== Supplied data ==

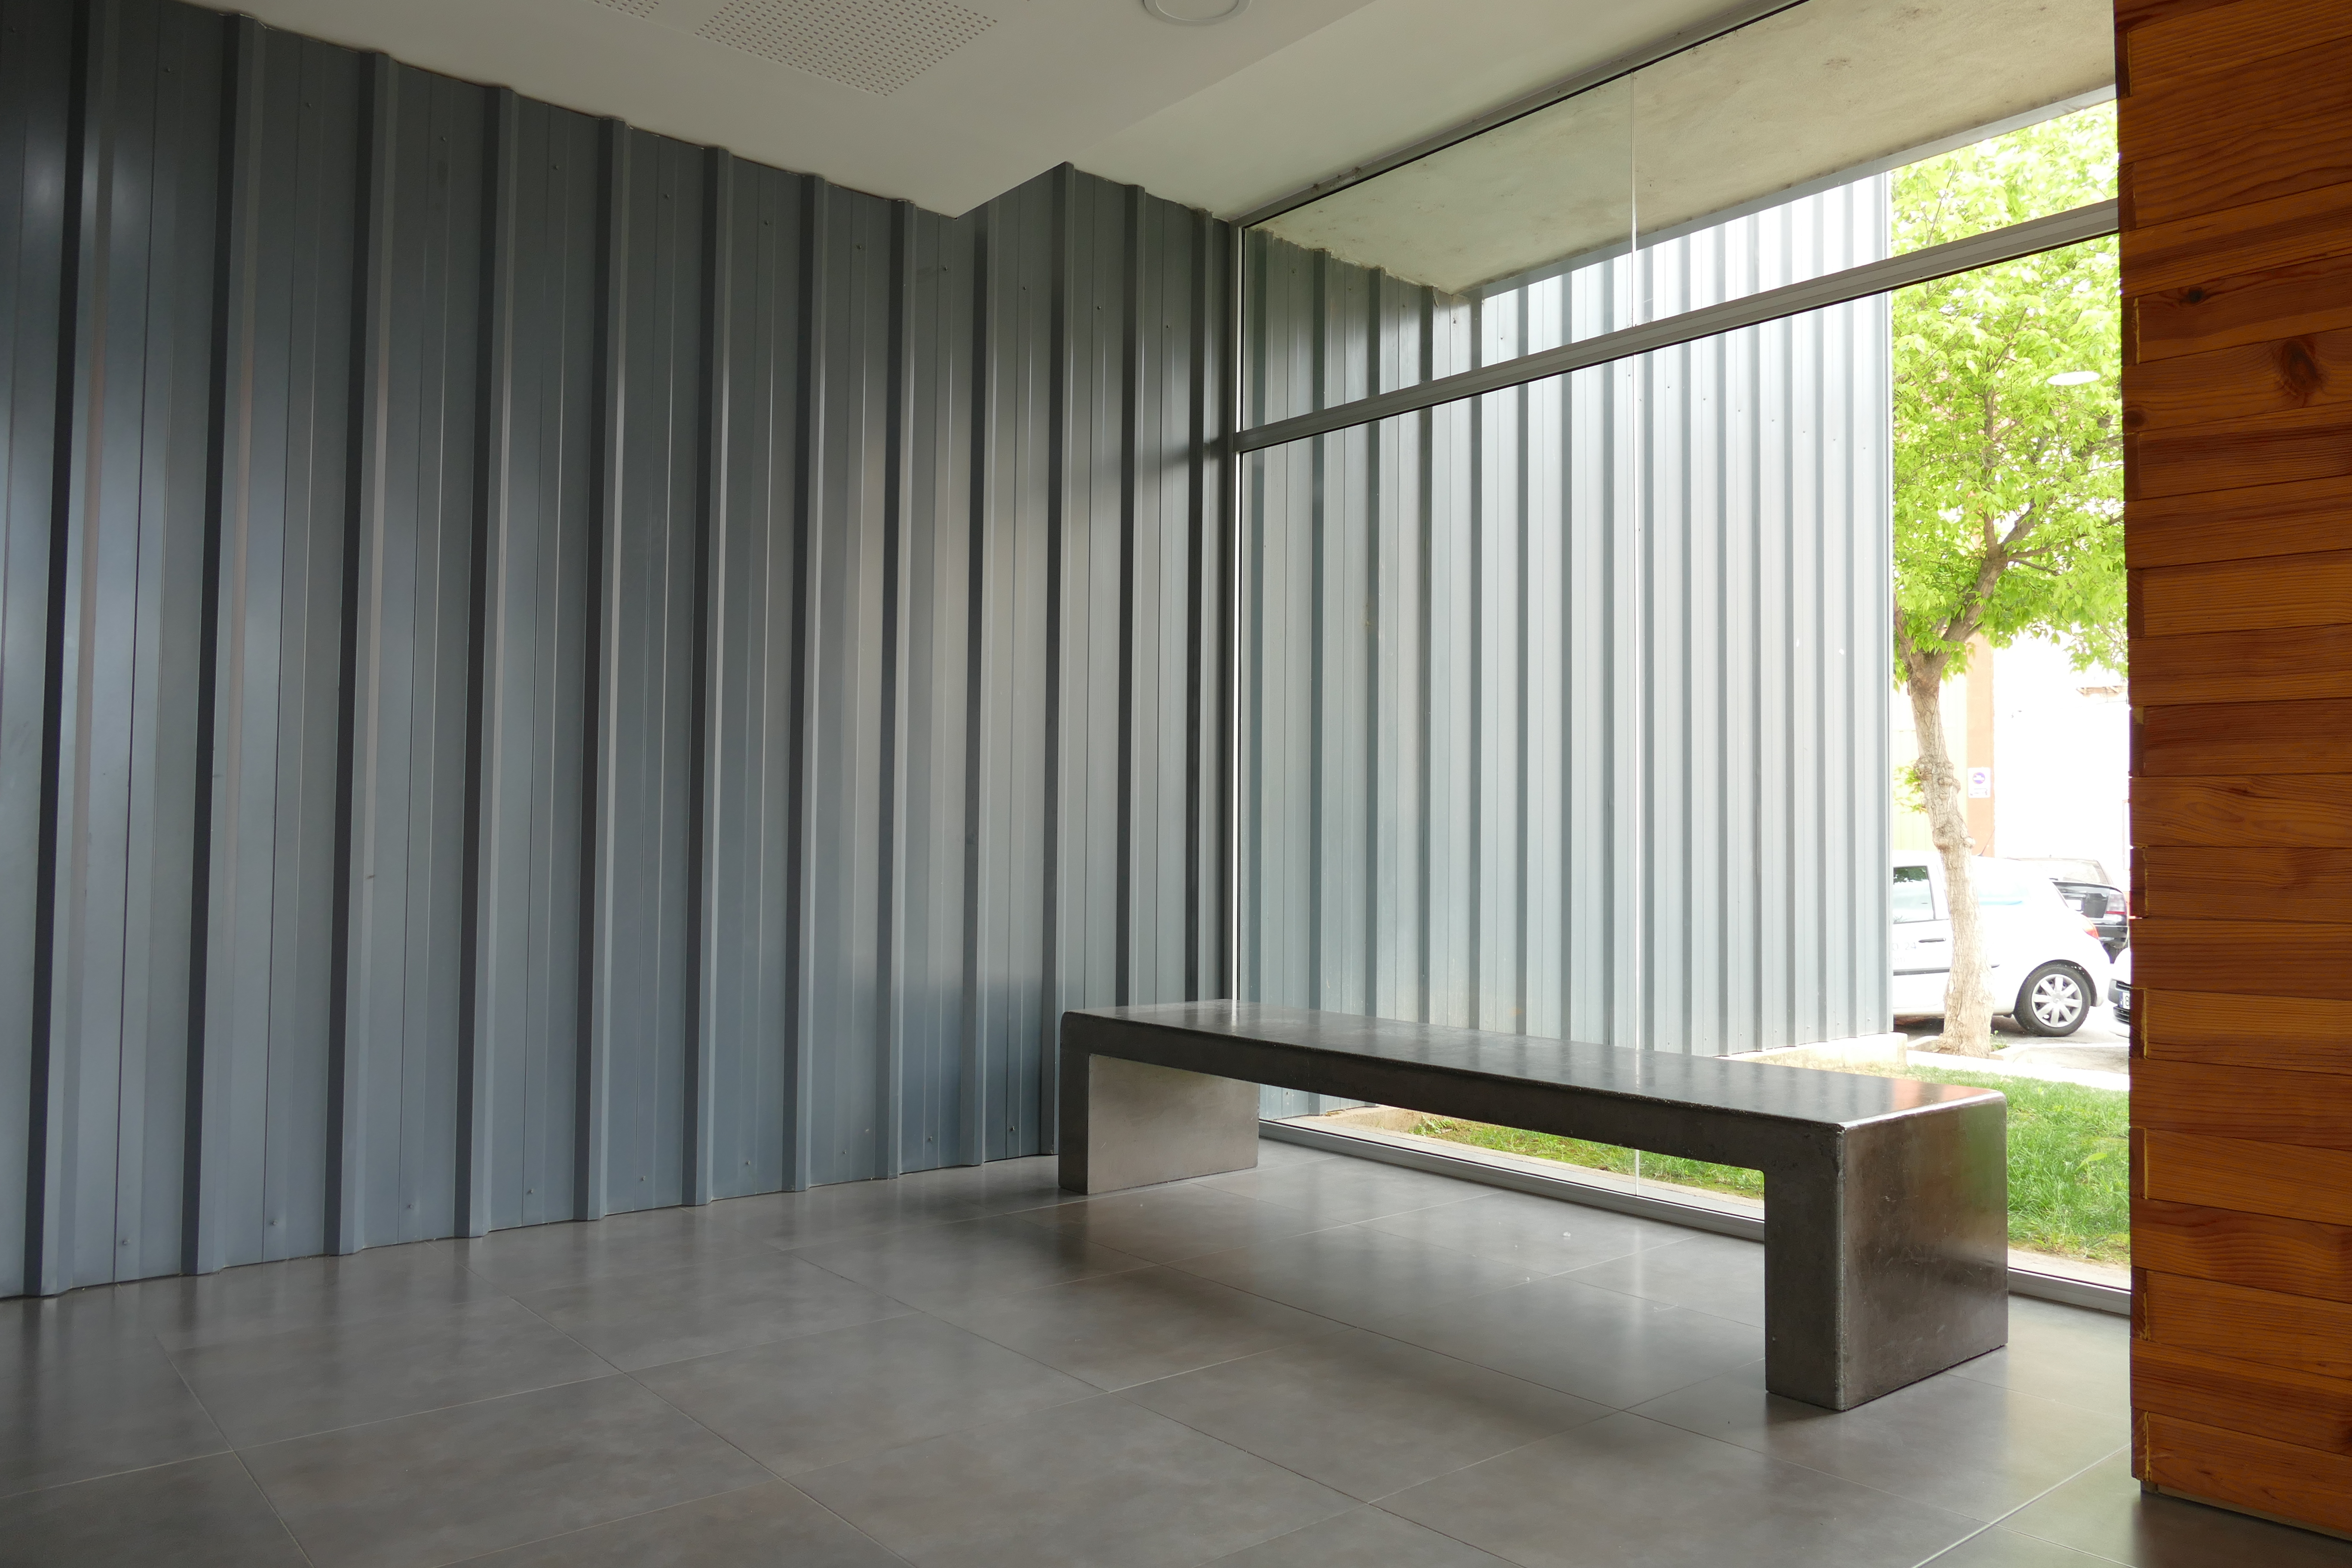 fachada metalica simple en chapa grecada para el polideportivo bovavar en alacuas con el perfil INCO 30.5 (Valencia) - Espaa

===
== Supplied data ==

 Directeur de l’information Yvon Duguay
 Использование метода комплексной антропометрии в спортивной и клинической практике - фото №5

===

## Instructions for the task
Print exactly the lines of the listing above starting at the line containing "Directeur de l’information Yvon Duguay" and ending at the line containing "Использование метода комплексной", both included.

## Response box
 Directeur de l’information Yvon Duguay
 Использование метода комплексной антропометрии в спортивной и клинической практике - фото №5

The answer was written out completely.